Home > Net >  How to highlight non-zero start of y-axis in ggplot?
How to highlight non-zero start of y-axis in ggplot?

Time:12-21

I try to replicate the fertility graph from gapminder as good as I can in ggplot:

https://s3.eu-west-1.amazonaws.com/static.gapminder.org/GapminderMedia/wp-uploads/20180313124853/babies-per-woman-1024x645.png

I have:

fertility <- read.csv("https://raw.githubusercontent.com/MarcoKuehne/marcokuehne.github.io/main/data/Gapminder/tfr-by-gapminder-v12-20171212.csv", sep = ";")

# manipulate
library(tidyverse)
fertility <- fertility %>% 
  select(!c(geo.name, geo, indicator)) %>% 
  rownames_to_column %>% 
  gather(var, value, -rowname) %>% 
  spread(rowname, value) %>% 
  rename(year = var, fert = `1`) %>% 
  slice_head(n = 301) 

fertility[,1:2] <- sapply(fertility[,1:2],FUN=as.numeric)

fertility1 <- fertility[1:217,]
fertility2 <- fertility[218:301,]

# visualize 
ggplot(data = fertility, aes(x=year, y=fert))   
  geom_point(aes(x=year[1], y=fert[1]), size = 4)   
  geom_text(aes(x=year[1], y=fert[1], label = year[1]), vjust = 2.5)  
  geom_point(aes(x=year[165], y=fert[165]), size = 4)   
  geom_text(aes(x=year[165], y=fert[165], label = year[165]), vjust = -3, hjust = -0.5)  
  geom_text(aes(x=year[165], y=fert[165], label = "5 births"), vjust = -1.5, hjust = -0.2)  
  #geom_point(aes(x=year[217], y=fert[217]), size = 4)   
  geom_text(aes(x=year[217], y=fert[217], label = year[217]), vjust = -3)  
  geom_text(aes(x=year[217], y=fert[217], label = "2.5 births"), vjust = -1.5)  
  geom_line(data = fertility1, size=1.3, arrow=arrow(length=unit(0.30,"cm"), ends="last", type = "closed"))  
  geom_line(data = fertility2, size=1.3,linetype="dashed")  
  labs(title = "Average Number Of Babies Per Woman From 1800 to Today",
       caption = "Source: Gapminder based on UN-Pop", y="", x="")  
  theme_minimal()  
  theme(panel.grid.major.x = element_blank(),
       panel.grid.minor.x = element_blank())

enter image description here

I have some troubles with the linewidth of geom_line().
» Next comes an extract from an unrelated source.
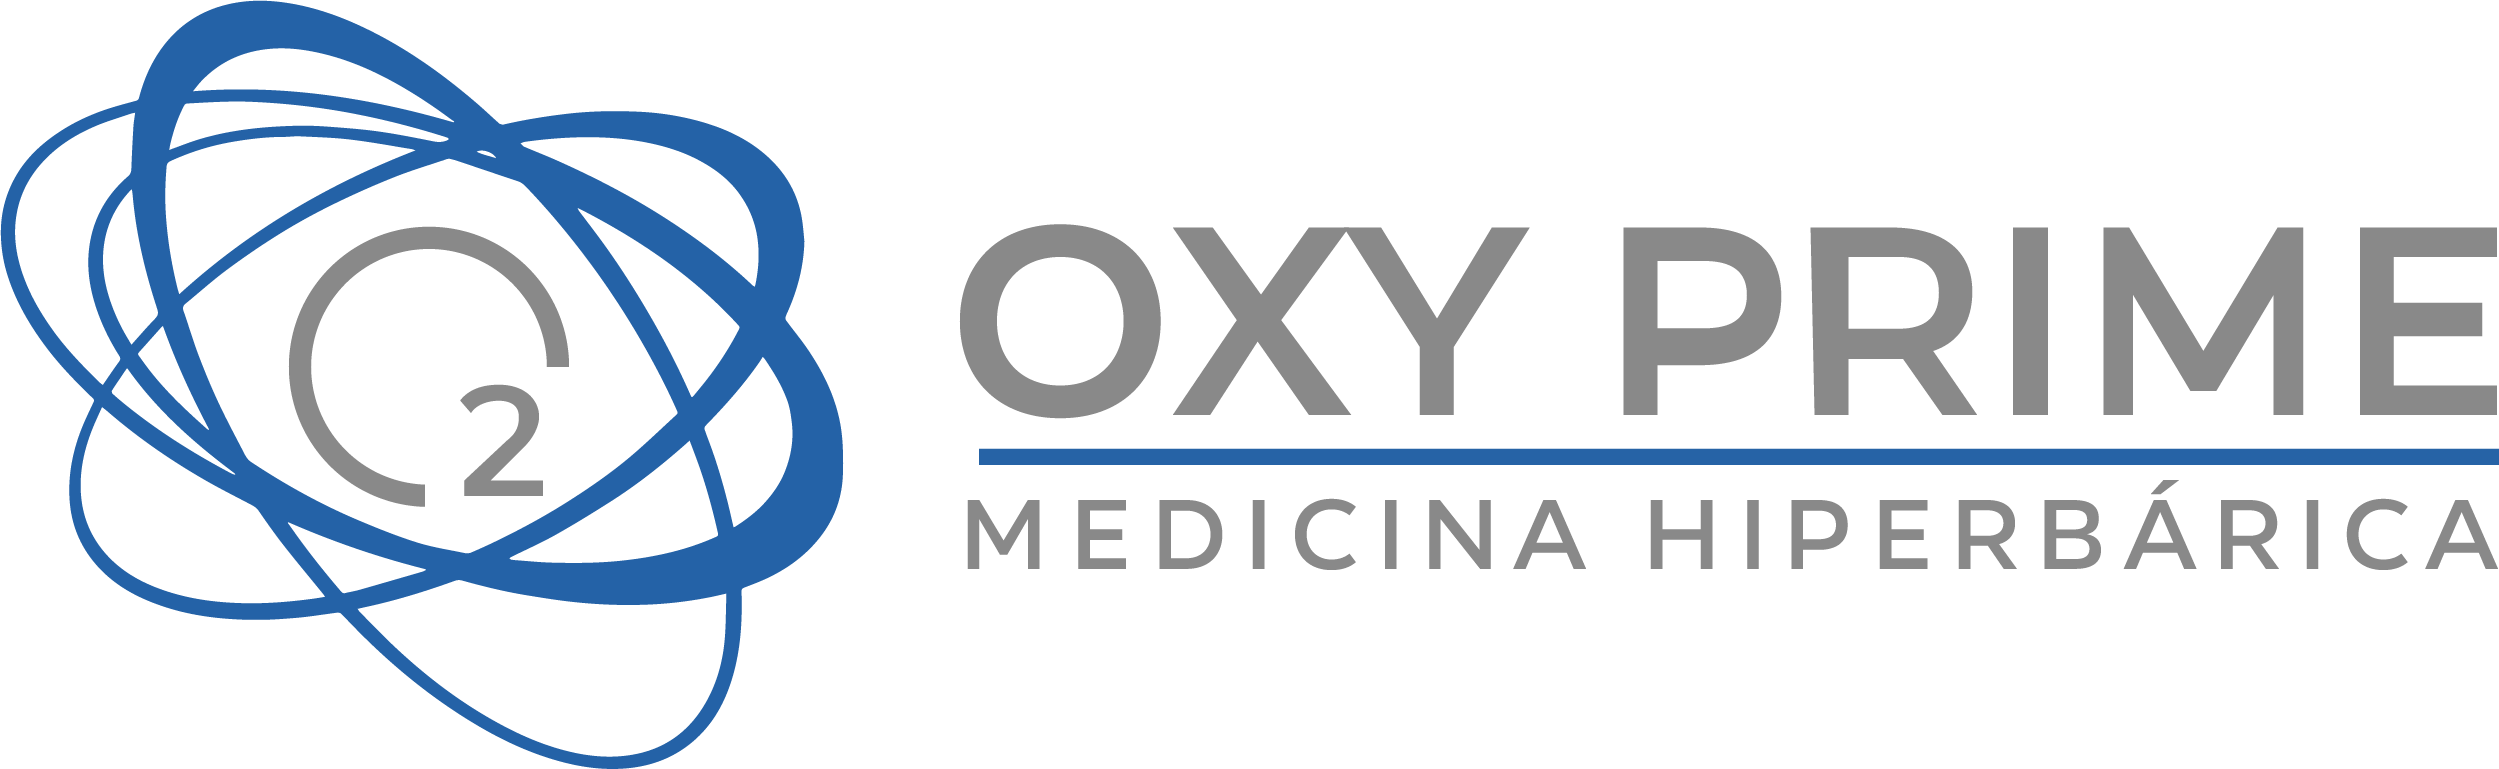 Oxy Prime
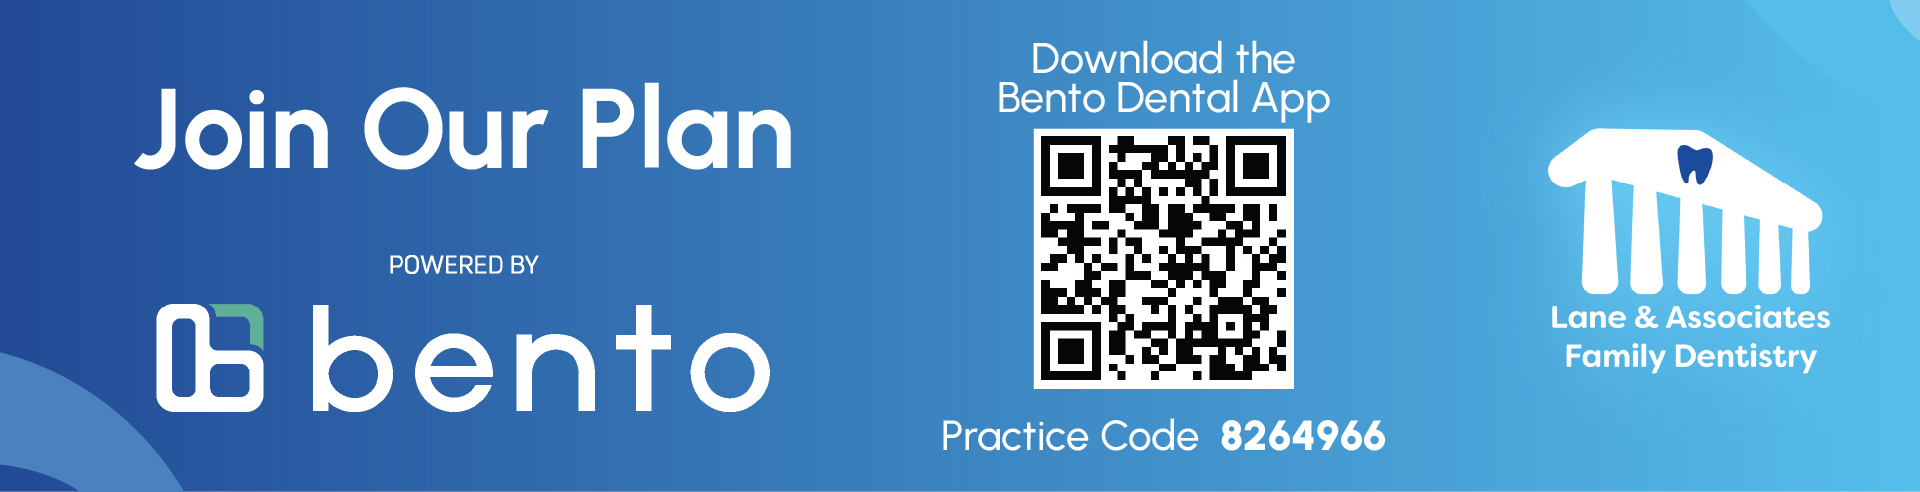 Download the Bento Dental App today

And I am looking for a compromise between geom_line() and geom_smooth() to make the line plot just a little bit more smooth.

But my major concern at the moment is the broken y-axis. When y-axis does not start at zero, I'd like to hightlight this as in the gapminder graph.

CodePudding user response:

Following the suggestion by @Roland you could smooth your lines using a loess curve. However, instead of trying with geom_smooth I would suggest to do the calculation outside of ggplot as we need the smoothed values also for the points and the labels and we also need the same values for "both" lines.

For your axis break a simple approach would be to use two annotate, one to place the segments, one to add the filled "gap" for which I use a ribbon. This requires some fiddling to get the right positions, to fix the limits and to set clip="off". Also note that I added the axis lines via geom_h/vline so that the annotate layers could be placed on top of the axes.

Finally, I slightly adjusted your data wrangling code, use a dataset to place the labels and points and instead of using vjust I shift the labels directly via the y position.

EDIT For the final touch I added some additional styling.

# manipulate
library(tidyverse)
library(showtext)
library(hrbrthemes)

font_add_google("lato", "Lato", regular.wt = 900)

fertility <- fertility %>%
  select(!c(geo.name, geo, indicator)) %>%
  mutate(
    across(-indicator.name, as.character),
    across(-indicator.name, ~ readr::parse_number(.x, locale = locale(decimal_mark = ",")))
  ) %>%
  pivot_longer(-indicator.name, names_to = "year", values_to = "fert", names_prefix = "X") %>%
  mutate(year = as.numeric(year)) |>
  mutate(fert_smooth = predict(loess(fert ~ year, span = .05)))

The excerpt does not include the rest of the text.